We won’t spend long planting. It’s hot and there is full sun–the sting of the heat and the dead rye poking and prickling at our ankles compete with the flies at our knees and we turn out of the field. We all walk upon the buoyant mulch which casts a reflective shine back at us from the long mid-summer sun. It’s a field of gold. But even so, with all of us back at the air conditioned house and watching a movie, she will have had her hand in this land now and when she returns in the fall to pick her pumpkins, she will remember them as hers. And when she is older and comes back year after year, tending to her pumpkin patch, the two acres would’ve grown to 10 maybe, and then more. And she has learned ancient and healing ways of relating to her family, community and the land.

We have tried to connect our daughters to the farm but so far they don’t come much, haven’t come much.  I can’t say I blame them, for I find something familiar in their separating and independence.
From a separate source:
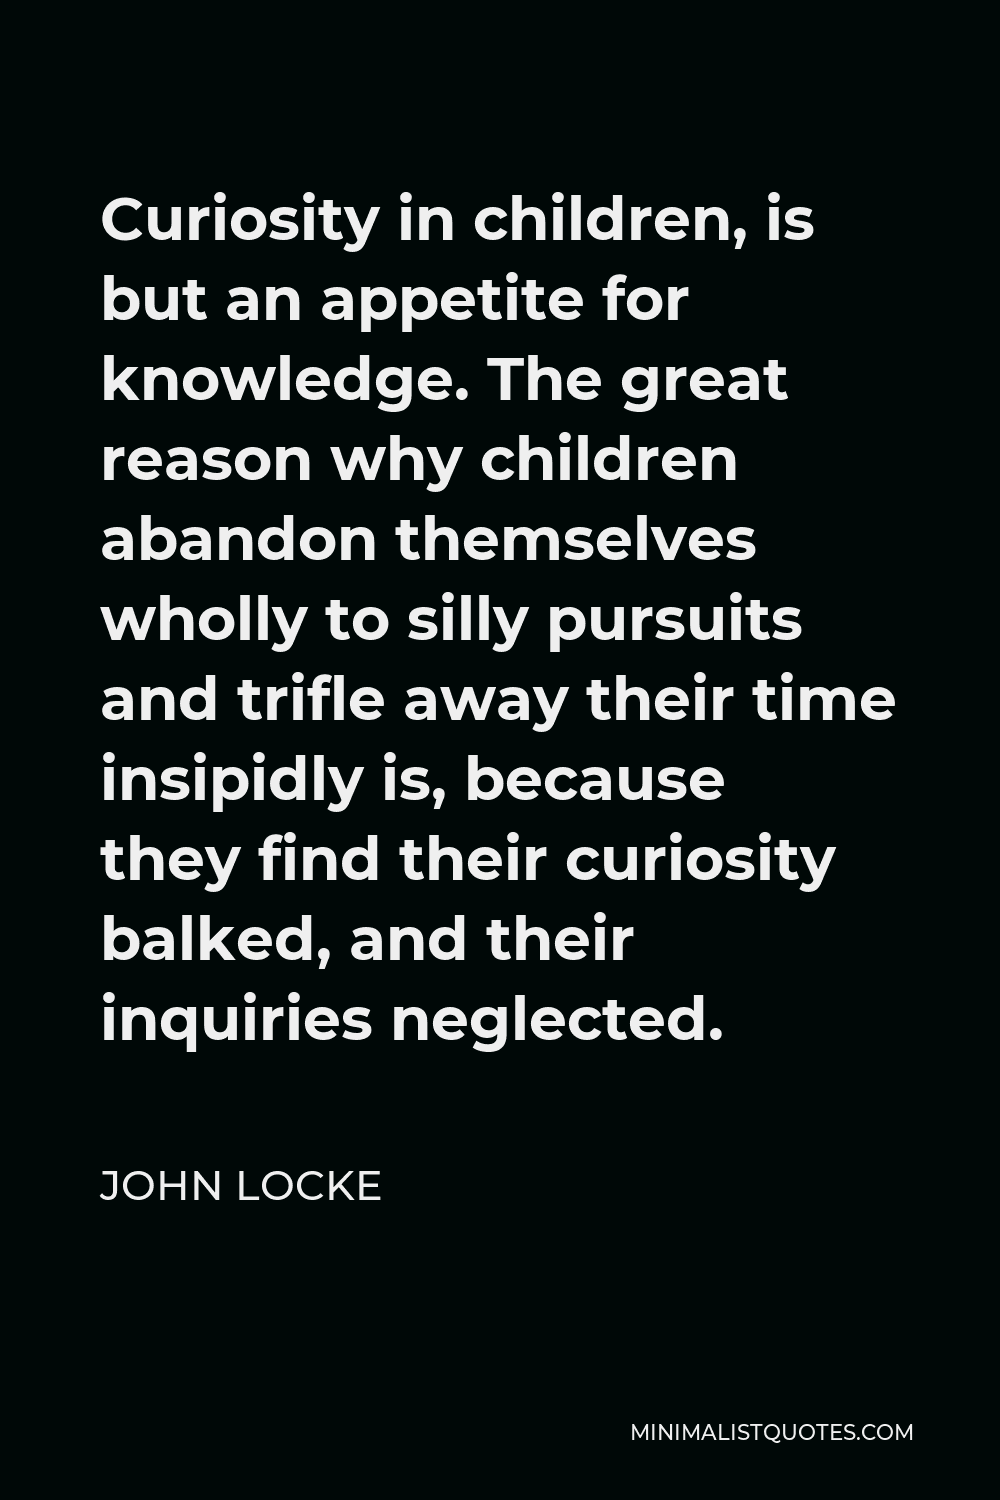 John Locke Quote - Curiosity in children, is but an appetite for knowledge. The great reason why children abandon themselves wholly to silly pursuits and trifle away their time insipidly is, because they find their curiosity balked, and their inquiries neglected.

Nothing my parents could show me was what I wanted as a young person.  But now my dad is 89 years old and I am a grandparent and I’ve learned slowly over all these years about the connections between generations, among so many things. 
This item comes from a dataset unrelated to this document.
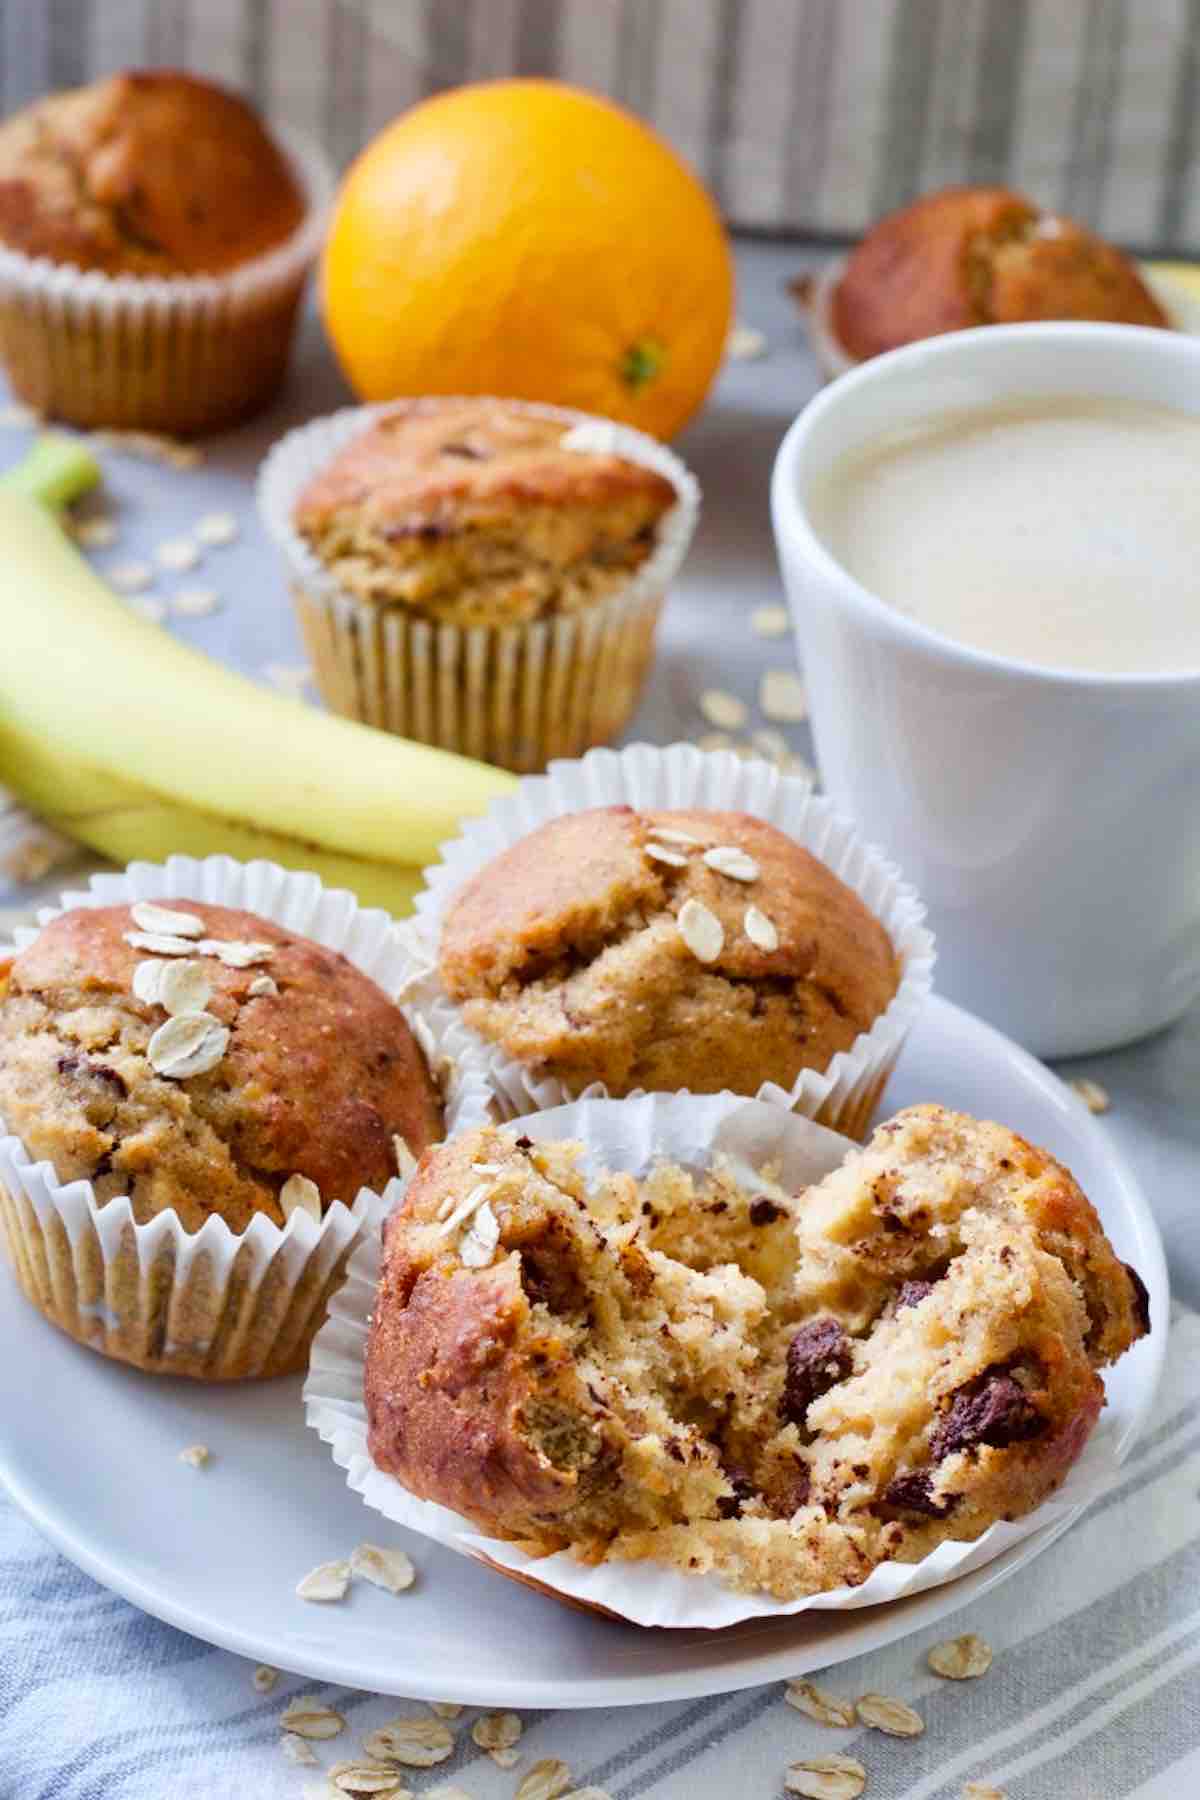 Banana muffins on a plate, one torn in half.

Sam and I, we can have patience for their return. 

Family, maybe it’s like building the soil, where you layer listening, trusting, offering consistency and loving them over and through the absences when you don’t see them, just as regenerative agriculture seeks to recapture the health of the land by fostering biodiversity, enriching the soil, and minimizing harm in slow time. Sam often talks about passing down not just the farm but also a legacy of resilience and care for the planet, and I want the same; and also for people, care for people. Regenerative practices build resilience in the land against scarcity, empty calories, drought and pests. Fostering strong family and community bonds across generations builds resilience against the catastrophes that are coming our way through the channels of power, separation, greed and ignorance. It's about nurturing interconnectedness and all ways of knowing, repairing what's been damaged, and ensuring that what we leave behind is informed by what we have and continue to learn of indigenous and ancient ways of being and thriving in community.

As we work to strengthen our relationships within the family, we recognize that our efforts are intertwined with the land itself. We aim to create a sustainable ecosystem and we aim also  to create a sustainable legacy of love, understanding, and connection. Through this stewardship of the living things we hold dear, we hope to cultivate a future where our children and grandchildren feel rooted in both the land and in the enduring strength of family ties.

We hope for the future–all in these ways.